Exercise = Where an entry holds an image, skip the image but reproduce the rest word for word.

Data excerpts:
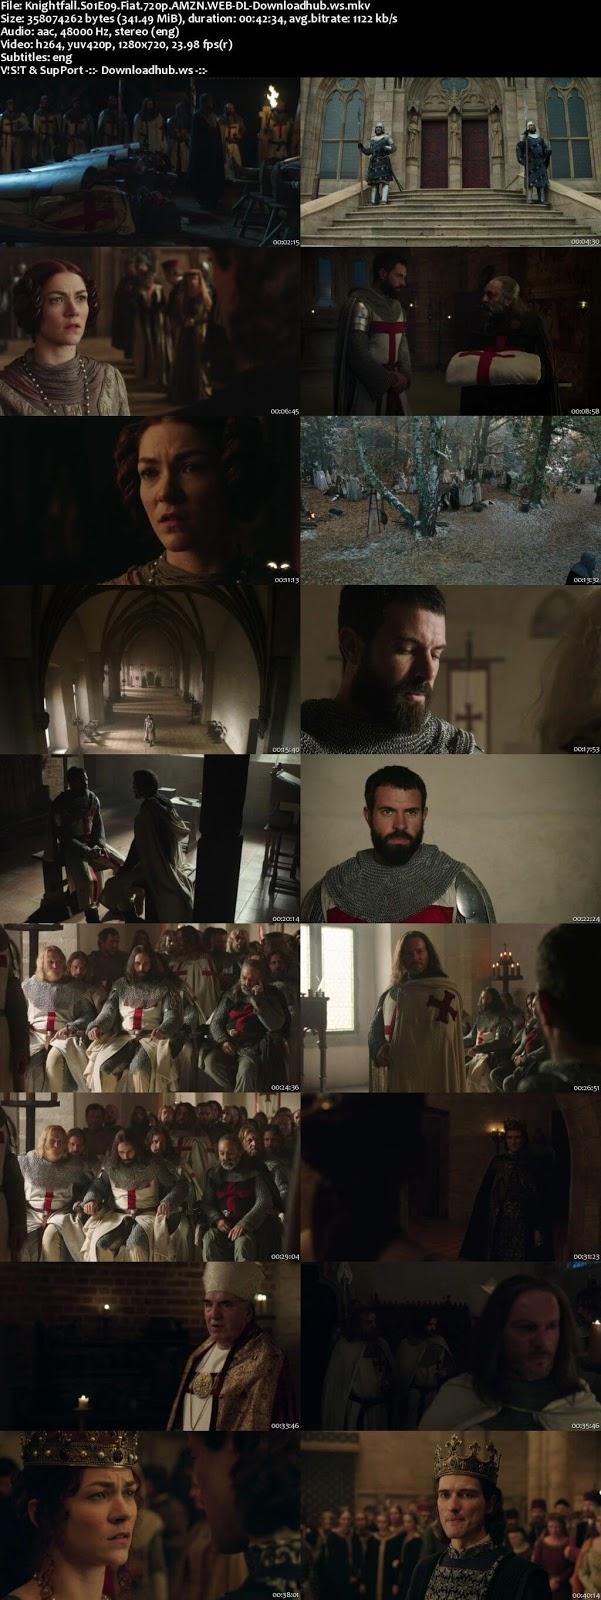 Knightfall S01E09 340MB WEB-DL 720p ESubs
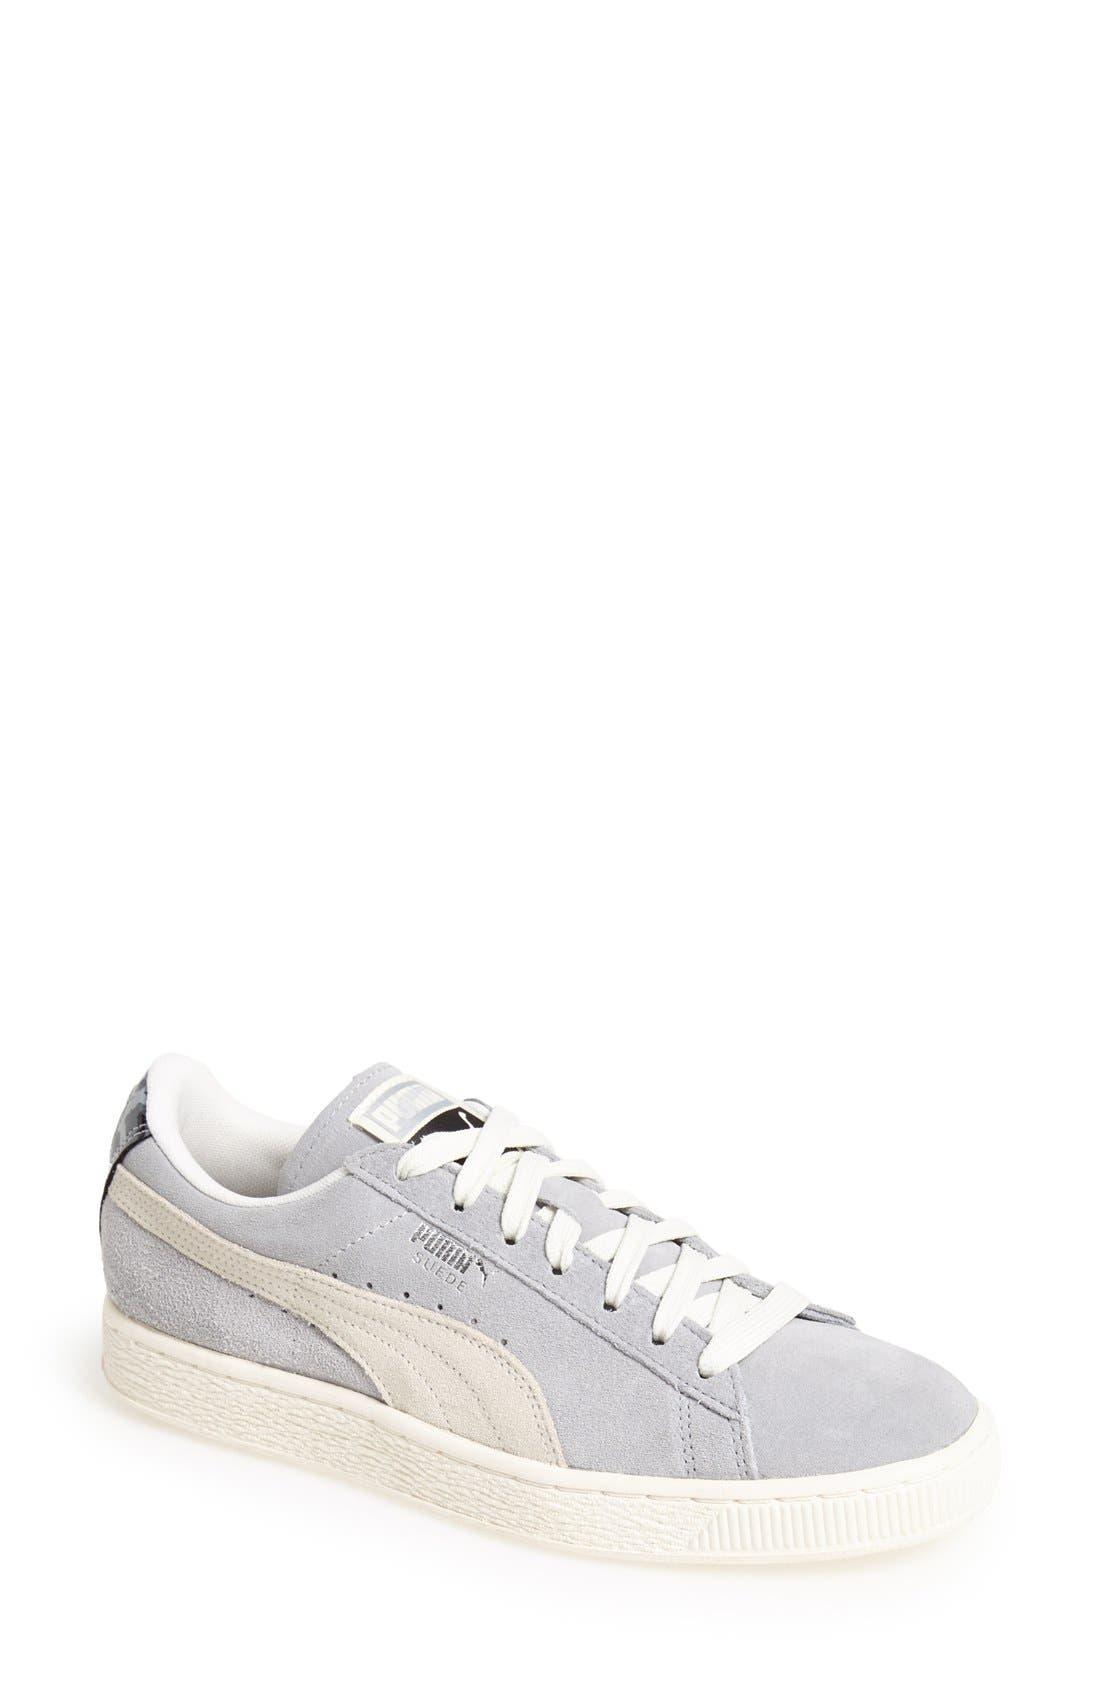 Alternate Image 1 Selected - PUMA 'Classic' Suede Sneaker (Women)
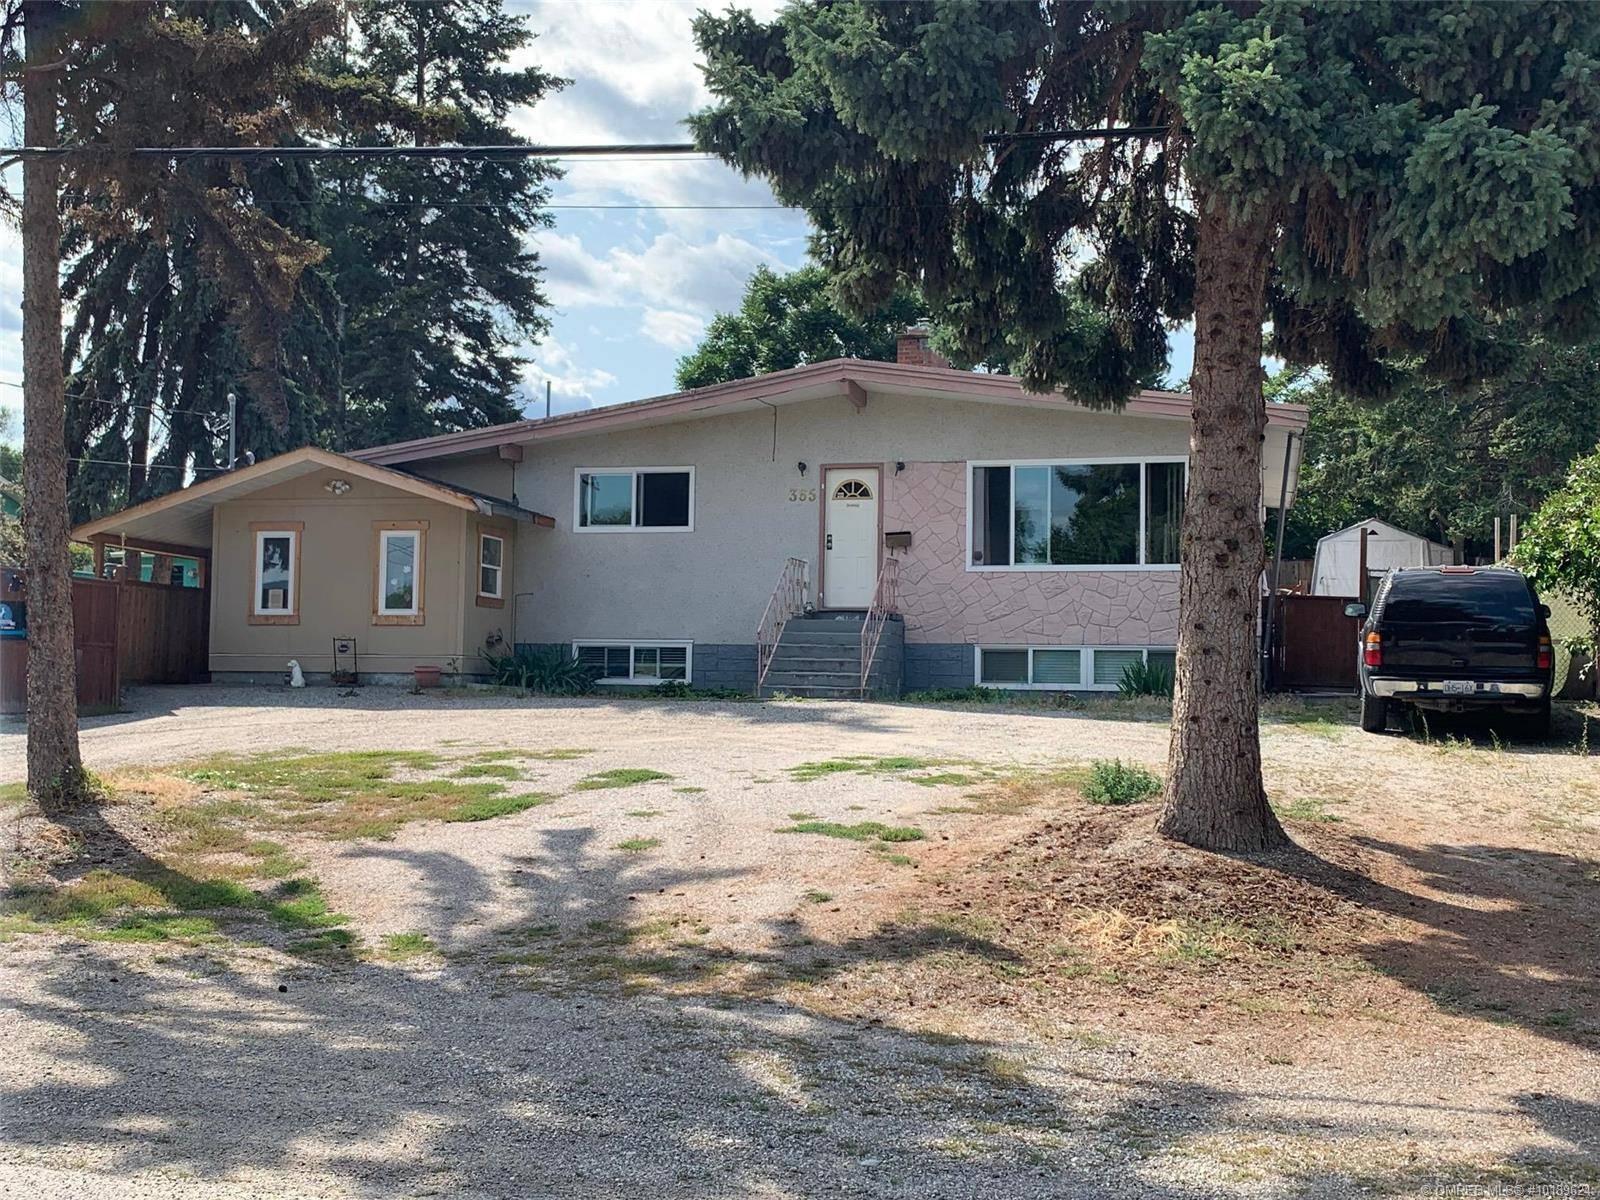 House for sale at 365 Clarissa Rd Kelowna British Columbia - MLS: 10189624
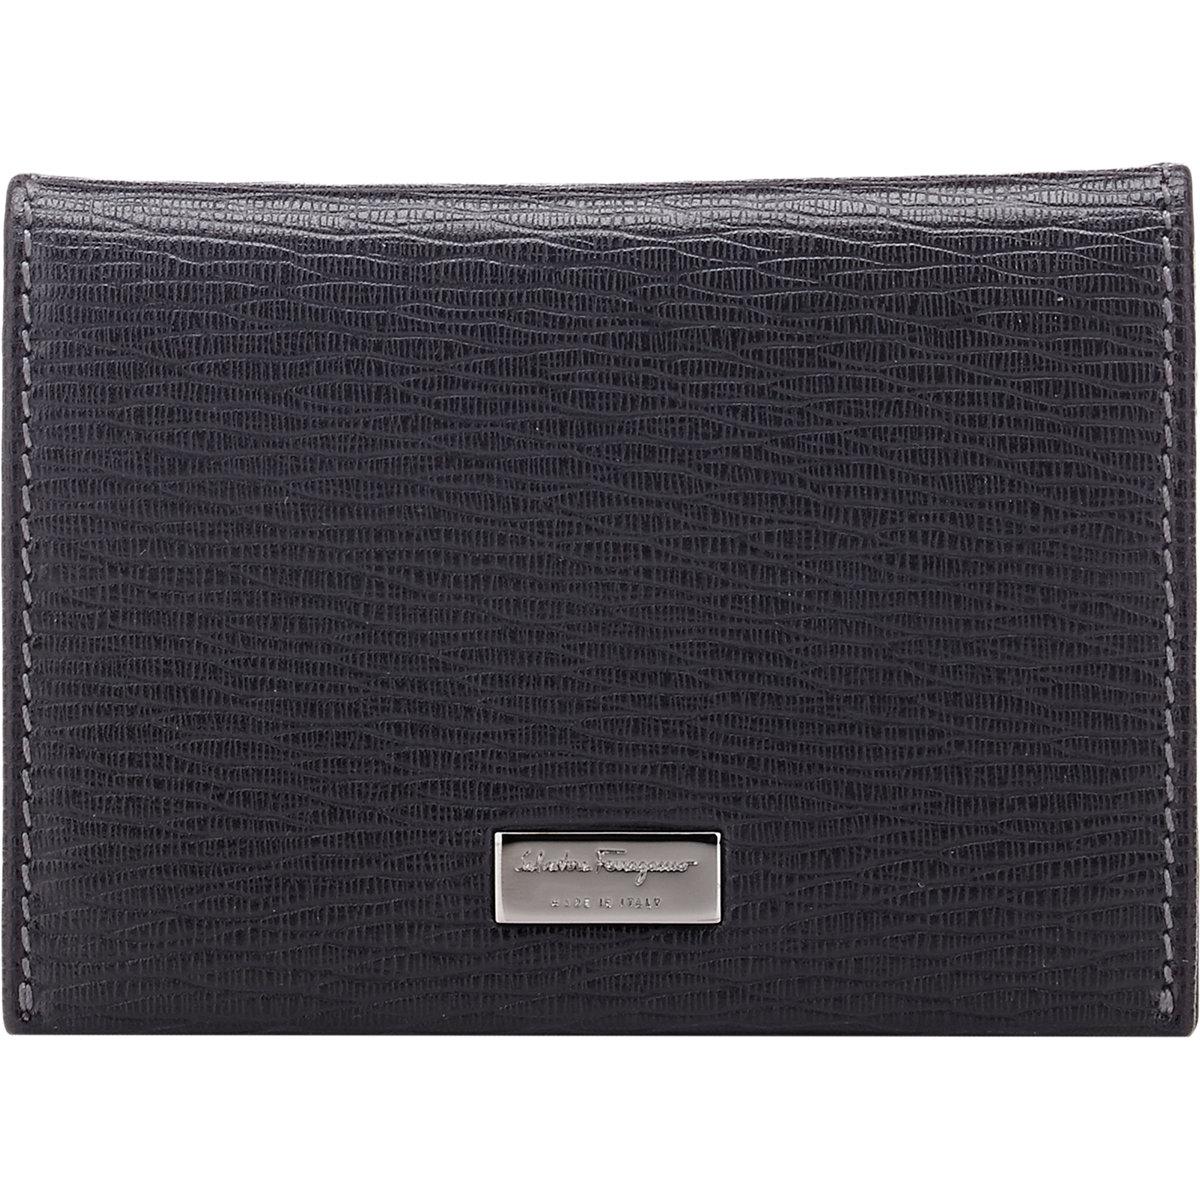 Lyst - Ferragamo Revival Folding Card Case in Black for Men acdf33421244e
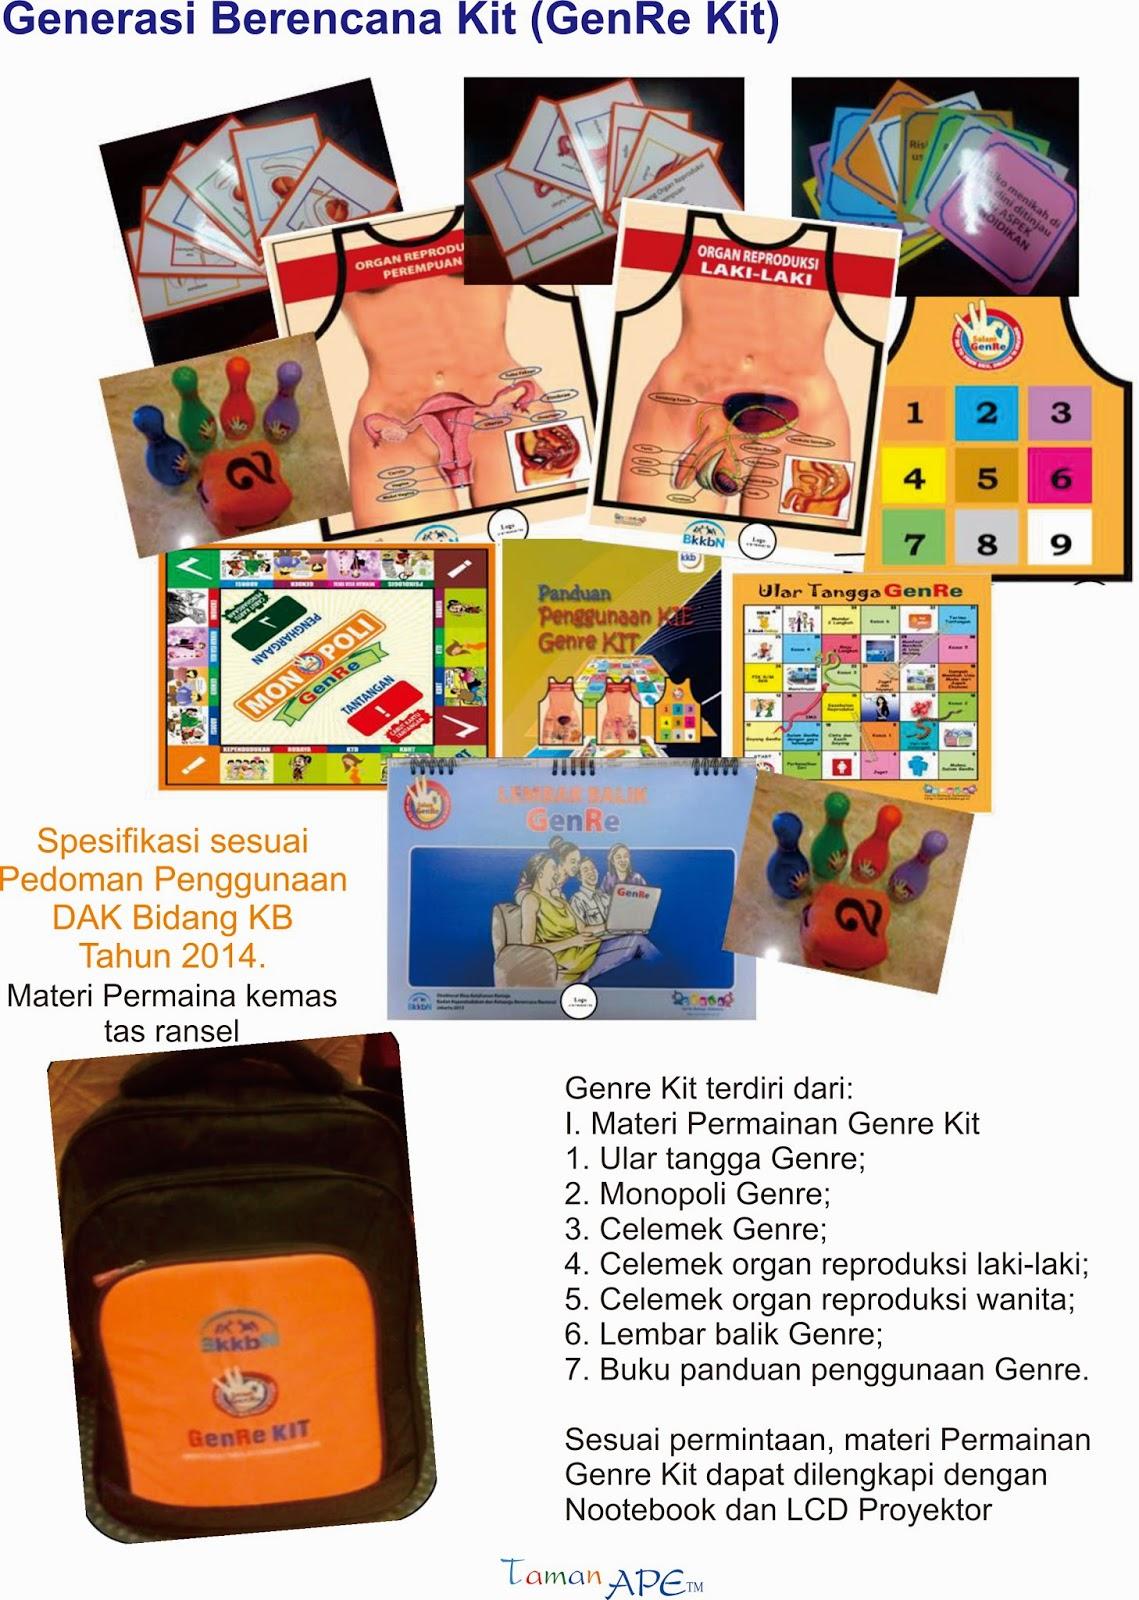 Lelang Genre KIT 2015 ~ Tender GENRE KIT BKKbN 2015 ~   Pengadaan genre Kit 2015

Response to this exercise =
 Knightfall S01E09 340MB WEB-DL 720p ESubs
 Alternate Image 1 Selected - PUMA 'Classic' Suede Sneaker (Women)
 House for sale at 365 Clarissa Rd Kelowna British Columbia - MLS: 10189624
 Lyst - Ferragamo Revival Folding Card Case in Black for Men acdf33421244e
 Lelang Genre KIT 2015 ~ Tender GENRE KIT BKKbN 2015 ~   Pengadaan genre Kit 2015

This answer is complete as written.